> PROVIDED DATA

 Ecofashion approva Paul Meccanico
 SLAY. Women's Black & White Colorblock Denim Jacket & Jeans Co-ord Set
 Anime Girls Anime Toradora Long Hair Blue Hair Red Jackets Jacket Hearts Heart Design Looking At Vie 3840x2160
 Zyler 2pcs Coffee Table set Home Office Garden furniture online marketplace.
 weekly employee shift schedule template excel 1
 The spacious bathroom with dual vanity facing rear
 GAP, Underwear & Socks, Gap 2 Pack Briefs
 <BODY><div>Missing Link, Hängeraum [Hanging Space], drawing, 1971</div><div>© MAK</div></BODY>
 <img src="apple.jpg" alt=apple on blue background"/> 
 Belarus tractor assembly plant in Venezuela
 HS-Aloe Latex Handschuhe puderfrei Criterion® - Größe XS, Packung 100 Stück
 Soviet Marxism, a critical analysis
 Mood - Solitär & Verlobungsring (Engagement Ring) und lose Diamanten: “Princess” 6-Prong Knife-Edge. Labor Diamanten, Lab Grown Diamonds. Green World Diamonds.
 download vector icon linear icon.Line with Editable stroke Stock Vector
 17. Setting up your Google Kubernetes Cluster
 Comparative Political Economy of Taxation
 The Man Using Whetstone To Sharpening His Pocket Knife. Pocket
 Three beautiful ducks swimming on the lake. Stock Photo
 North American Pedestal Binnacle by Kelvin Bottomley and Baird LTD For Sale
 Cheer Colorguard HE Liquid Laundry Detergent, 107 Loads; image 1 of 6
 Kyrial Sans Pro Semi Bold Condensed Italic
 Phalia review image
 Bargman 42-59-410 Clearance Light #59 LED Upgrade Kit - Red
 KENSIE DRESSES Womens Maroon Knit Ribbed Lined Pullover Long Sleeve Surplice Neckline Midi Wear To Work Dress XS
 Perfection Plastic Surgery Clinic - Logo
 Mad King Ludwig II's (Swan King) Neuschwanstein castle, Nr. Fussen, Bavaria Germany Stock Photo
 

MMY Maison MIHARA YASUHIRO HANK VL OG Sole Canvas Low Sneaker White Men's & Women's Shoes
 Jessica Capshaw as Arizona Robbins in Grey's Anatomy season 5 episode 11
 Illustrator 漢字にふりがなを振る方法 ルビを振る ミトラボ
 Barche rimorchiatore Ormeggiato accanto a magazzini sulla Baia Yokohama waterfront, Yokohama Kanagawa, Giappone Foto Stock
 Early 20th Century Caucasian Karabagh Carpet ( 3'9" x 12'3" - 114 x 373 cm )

> ASSIGNMENT
Repeat exactly, and only, the lines from the line containing "download vector icon" through the last line of the records above, both included.

> EXERCISE RESPONSE
 download vector icon linear icon.Line with Editable stroke Stock Vector
 17. Setting up your Google Kubernetes Cluster
 Comparative Political Economy of Taxation
 The Man Using Whetstone To Sharpening His Pocket Knife. Pocket
 Three beautiful ducks swimming on the lake. Stock Photo
 North American Pedestal Binnacle by Kelvin Bottomley and Baird LTD For Sale
 Cheer Colorguard HE Liquid Laundry Detergent, 107 Loads; image 1 of 6
 Kyrial Sans Pro Semi Bold Condensed Italic
 Phalia review image
 Bargman 42-59-410 Clearance Light #59 LED Upgrade Kit - Red
 KENSIE DRESSES Womens Maroon Knit Ribbed Lined Pullover Long Sleeve Surplice Neckline Midi Wear To Work Dress XS
 Perfection Plastic Surgery Clinic - Logo
 Mad King Ludwig II's (Swan King) Neuschwanstein castle, Nr. Fussen, Bavaria Germany Stock Photo
 

MMY Maison MIHARA YASUHIRO HANK VL OG Sole Canvas Low Sneaker White Men's & Women's Shoes
 Jessica Capshaw as Arizona Robbins in Grey's Anatomy season 5 episode 11
 Illustrator 漢字にふりがなを振る方法 ルビを振る ミトラボ
 Barche rimorchiatore Ormeggiato accanto a magazzini sulla Baia Yokohama waterfront, Yokohama Kanagawa, Giappone Foto Stock
 Early 20th Century Caucasian Karabagh Carpet ( 3'9" x 12'3" - 114 x 373 cm )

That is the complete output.